To enable comprehensive immune profiling, hyper-plex cyclic mIHC/IF techniques have been developed, including COMET (Lunaphore, Switzerland) and PhenoCycler (Akoya Biosciences, USA). COMET provides an automated workflow cycling through staining, imaging, and elution of 3 markers each time, up to 40 markers in the same tissue section, whereby fluorophores are directly attached to secondary antibodies without TSA. This approach not only reduces steric hindrance with lesser markers per cycle, but also enhances signal stability through reducing incubation time (i.e., tissue exposure time to harsh reagents). Using a 40-plex COMET assay, Almeida et al. found that myeloid and T regulatory cells were spatially restricted in primary lung cancers (21). Using machine learning (ML), the authors also identified distinct subsets of myeloid cells within the same TME.

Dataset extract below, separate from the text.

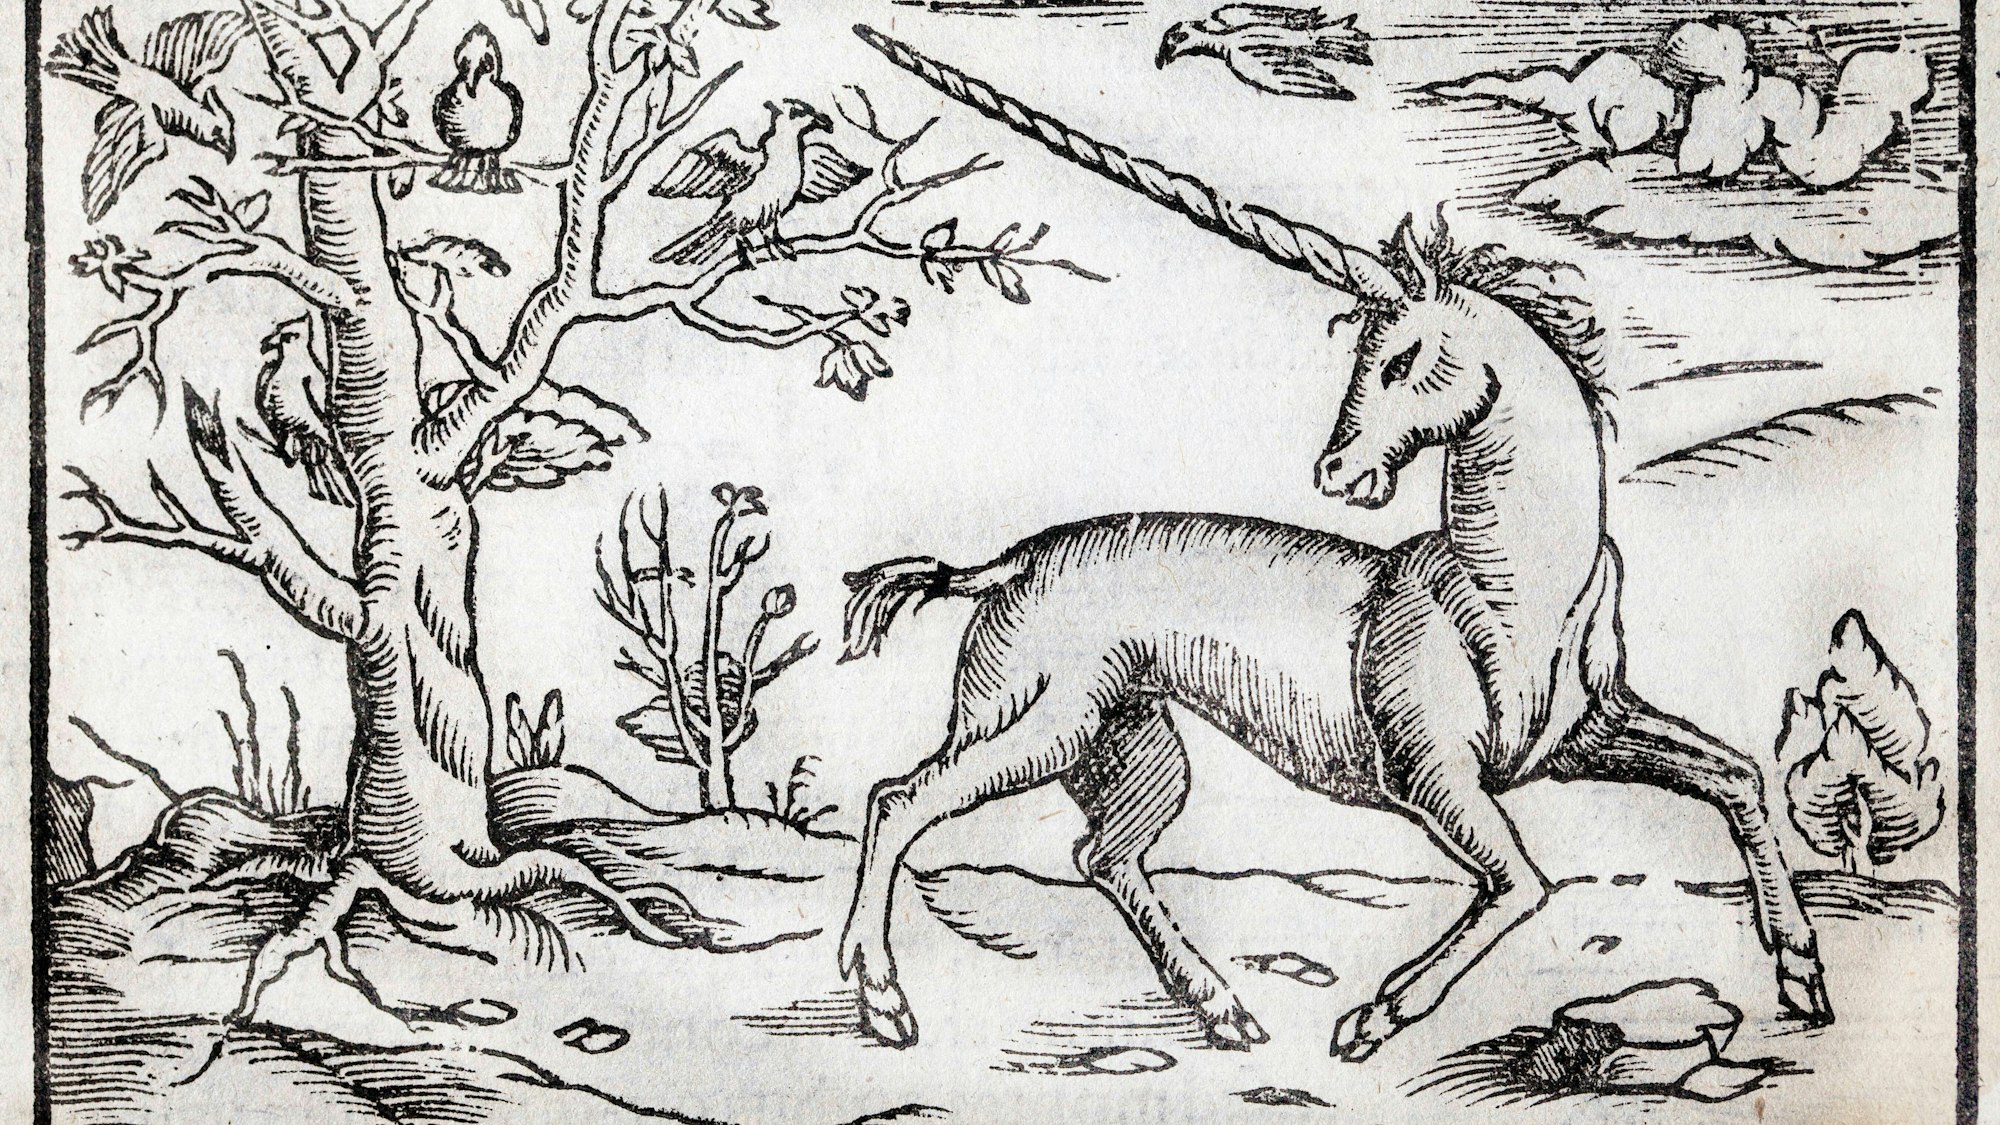 Holzschnitt von Sebastian Münster um 1560. Der Glaube an Einhörner lässt sich bis in die frühe Neuzeit nachweisen. Zu sehen ist ein Einhorn in einer Landschaft mit Bäumen, Vögeln und Wolken.

To further reduce the steric hindrance effect, PhenoCylcer (formerly CODEX) replaces the large molecular secondary antibodies in the OPAL approach with DNA-conjugated antibodies tagged to fluorescent reporters, allowing staining of up to 50 markers (3 per cycle). Applying tensor decomposition, cell-type differential enrichment and canonical correlation analysis on PhenoCycler data, Schürch et al. found 9 distinct cellular neighborhoods associated with survival outcomes which were conserved across 35 CRC samples (22).

Metal isotope-labelling techniques

Metal-based methods employ stable metal isotopes to replace the fluorophores (54), where protein expression is measured by detecting isotope signals using laser scanning or ion beams. Autofluorescence and background noise can be considerably reduced with endogenous metals (55). Imaging mass cytometry (IMC) (Standard BioTools, USA) uses high-resolution scanning laser ablation (a fixed lateral resolution of 1,000nm) followed by mass cytometry to quantify up to 50 markers at subcellular resolution using fresh frozen (FF)/FFPE tissues (5658). Using 37-plex IMC, Ali et al. identified heterotypic neighborhoods of a specific myofibroblast phenotype which was associated with poor outcomes in breast cancer (BC) (23).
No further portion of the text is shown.